This does not have to be. The city’s transportation agency hopes to reduce car trips from 1.7 to 1.6 million by 2018, a modest goal but barely holding the line. Reducing existing car trips by 100,000 while also adding thousands upon thousands of housing units and jobs, most coming with more parking, will quickly undo this humble ambition. The city can do more and the data shows us that there are many opportunities.

Consider that 68 percent of car trips within San Francisco are less than three miles. That’s 650,000 car trips per day that are generally pretty short — with a bicycle it’s less than a half-hour ride on relatively even terrain. If the city were able to get half of those car trips to switch to bicycle trips, it would be well on its way to averting carmageddon.

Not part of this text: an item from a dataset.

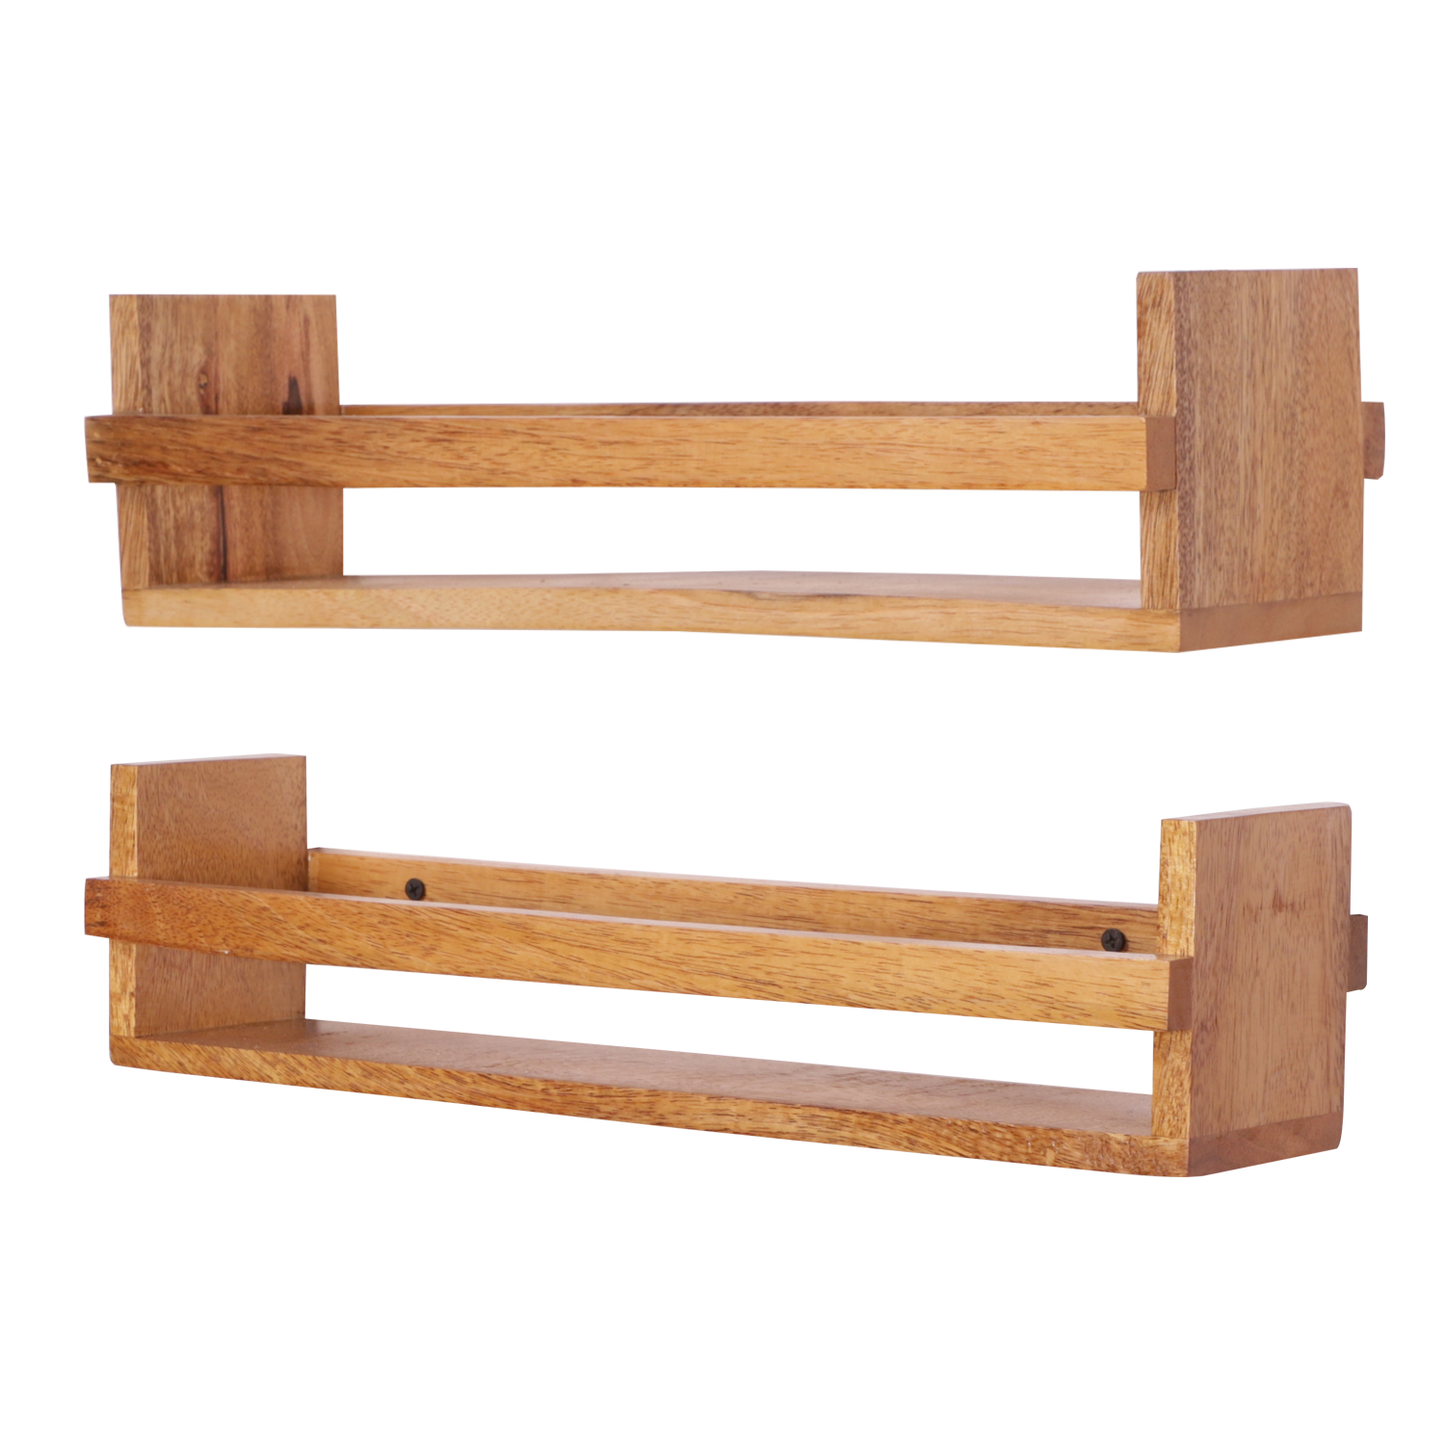 The Weaver's Nest : Wooden Shelves for Kitchen Storage with glass bottles : Set of two

A more ambitious goal, increasing cycling to 20 percent of all trips, is the official city policy adopted by the Board of Supervisors. That’s 500,000-600,000 trips by bicycle every day, most of which can take place within that three-mile range, especially if cleverly arranged “wiggles” (level routes circumventing steeper hills) are laid out on the most logical corridors. But to carry that many cyclists, real space has to be allocated for them.

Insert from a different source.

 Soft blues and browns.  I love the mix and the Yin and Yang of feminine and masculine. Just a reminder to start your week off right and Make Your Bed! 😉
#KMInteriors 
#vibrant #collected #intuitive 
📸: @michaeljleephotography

Out at San Francisco State University, where I teach a new Bicycle Geographies course that aims to increase cycling to the campus, there is tremendous opportunity to shift these kinds of short trips to bicycling. For students, faculty, and staff, bicycling is compatible with rapid transit, particularly for the “last mile” segments, such as between BART and SF State.

Bicycling is also a way to relieve local bus and light rail transit crowding — the 28 bus line on 19th Avenue, for example, is often jam packed and the city has only modest goals to improve that key line. Unlike transit or highways, bicycles do not require costly, long-term capital investment or operating funds and so can be deployed much more quickly.

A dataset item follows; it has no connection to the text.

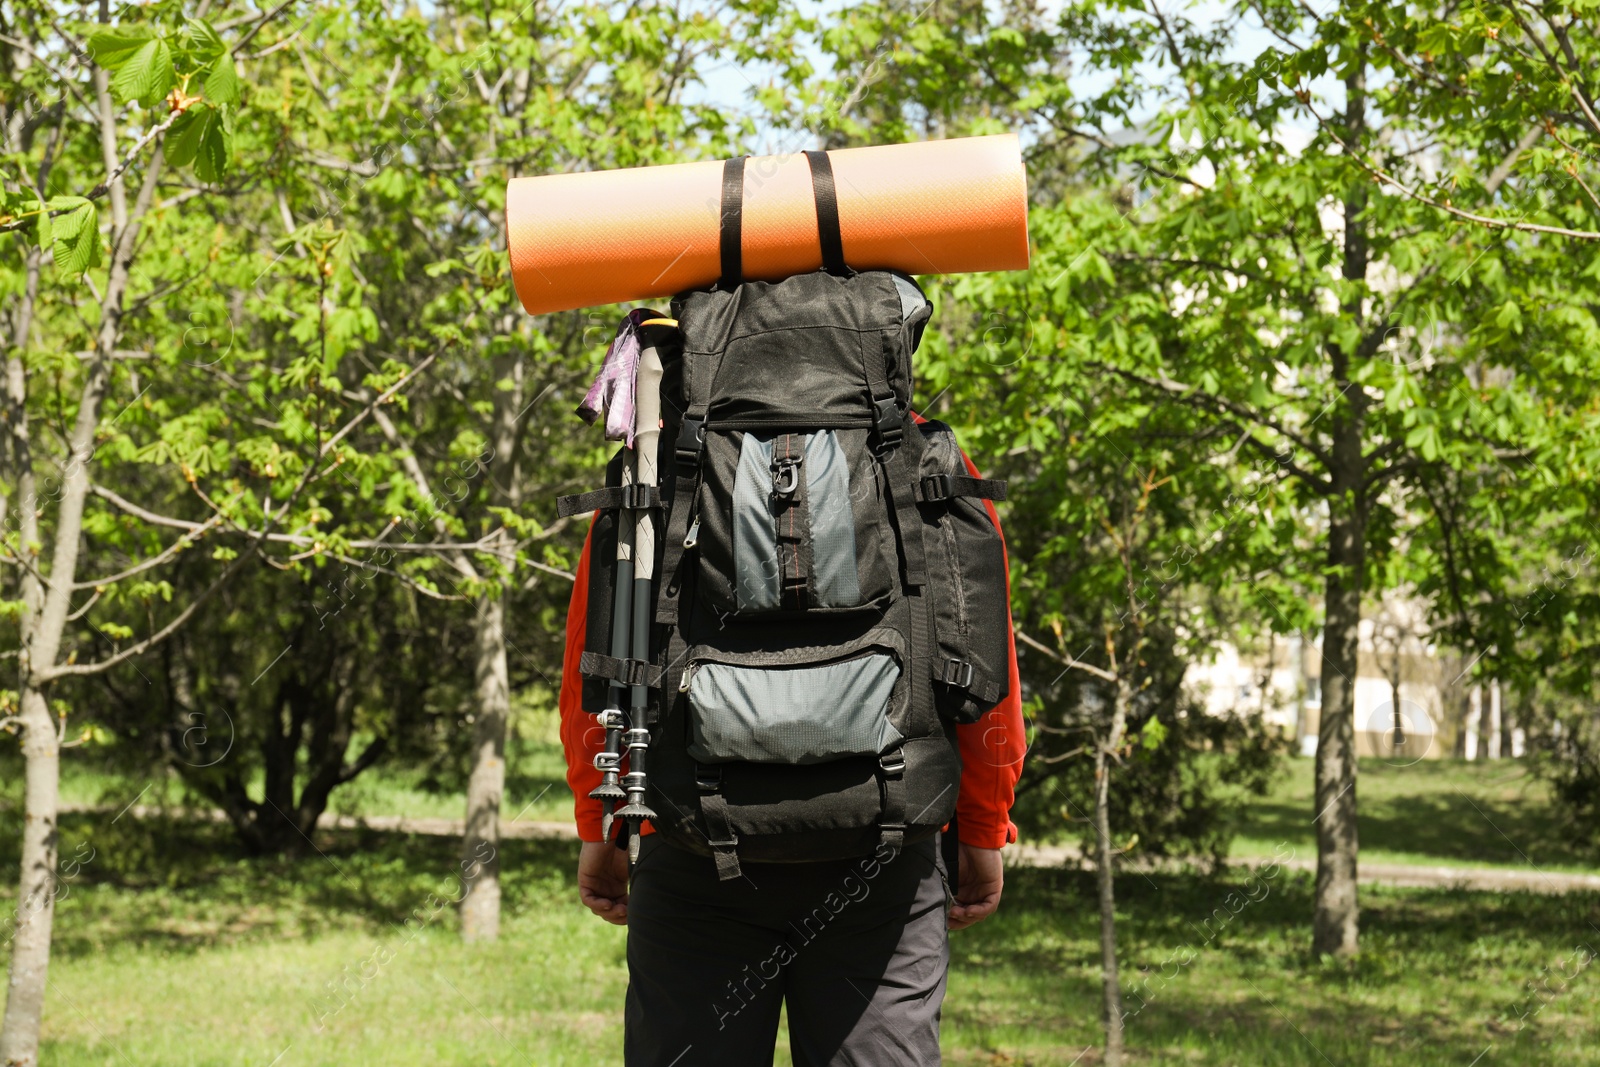 Photo of Hiker with backpack ready for journey in park, back view

It will be decades and cost hundreds of millions to improve the M-line, only now in the planning phase. We can lay down cycletracks much more quickly. Bicycling is also among the most equitable forms of urban transportation because it is affordable and accessible to almost everyone. This is obviously relevant to working-class students at SF State.

SF State has a memorandum of understanding with the city that obliges the university to reduce drive-alone automobile trips to campus, and the campus will not build any more car parking. With 4 percent of commute trips to SF State by bicycle (and only 2 percent among faculty) there is potential to increase the mode-share of bicycling as a path to reducing greenhouse gas emissions and auto trips.

The spatial proximity to Daly City and Balboa Park BART stations, as well as the Excelsior and Sunset, all under three miles from campus, means that the bicycle is well-suited to be a substitute for many short-range automobile trips and help the campus meet its goals. Yet what my students have found this semester is that it is all but impossible to bike safely to and from SF State, and the southwestern quadrant of San Francisco is largely left out of current bicycle planning in the city.

Taking multiple bicycle field trips over the past few months, we surveyed the opportunities for making safe routes to campus and envisioned what it would take to increase cycling to 20 percent of trips to and from SF State. Starting with the Balboa Park station, which is next to a deplorable tangle of freeway ramps, we ask what it would look like if fully-separated cycletracks were built on Geneva or Ocean avenues. These could connect City College and the Excelsior, and by way of a westward and southward jog, to a bicycle boulevard on Holloway Avenue, enabling a safe and convenient, 1.7-mile, 15-minute bike ride to SF State. Expanding the nascent Bay Area Bike Share to connect SF State and Balboa Park BART would create even more opportunity for cycling.

To the south of SF State, Daly City BART is a 1.4-mile, 10-minute bike ride that is daunting and poorly signed. It could be made safe and inviting with bicycle boulevards on streets parallel to traffic-clogged 19th Avenue and Junipero Serra. Borrowing from signature bicycle and pedestrian bridges in Pleasant Hill and Berkeley, perhaps there is an opportunity to build a bridge across Brotherhood Way toward the BART station, leveling an otherwise steep climb that discourages cycling.

To the north of campus, describing the designated 20th Avenue bicycle route as “a bit of a challenge” is an understatement. Cyclists must thread a cluttered shopping mall parking lot and overbuilt wide streets, and then confront a median blockading the way across Sloat Boulevard. While the megaproject to improve the M-line could include a cycletrack on this stretch of 19th Avenue, we should not wait a generation to increase cycling between SF State and the Sunset. The 20th Avenue route can be made welcoming now, with a fully-separated cycletrack and fixes on the Sloat intersection.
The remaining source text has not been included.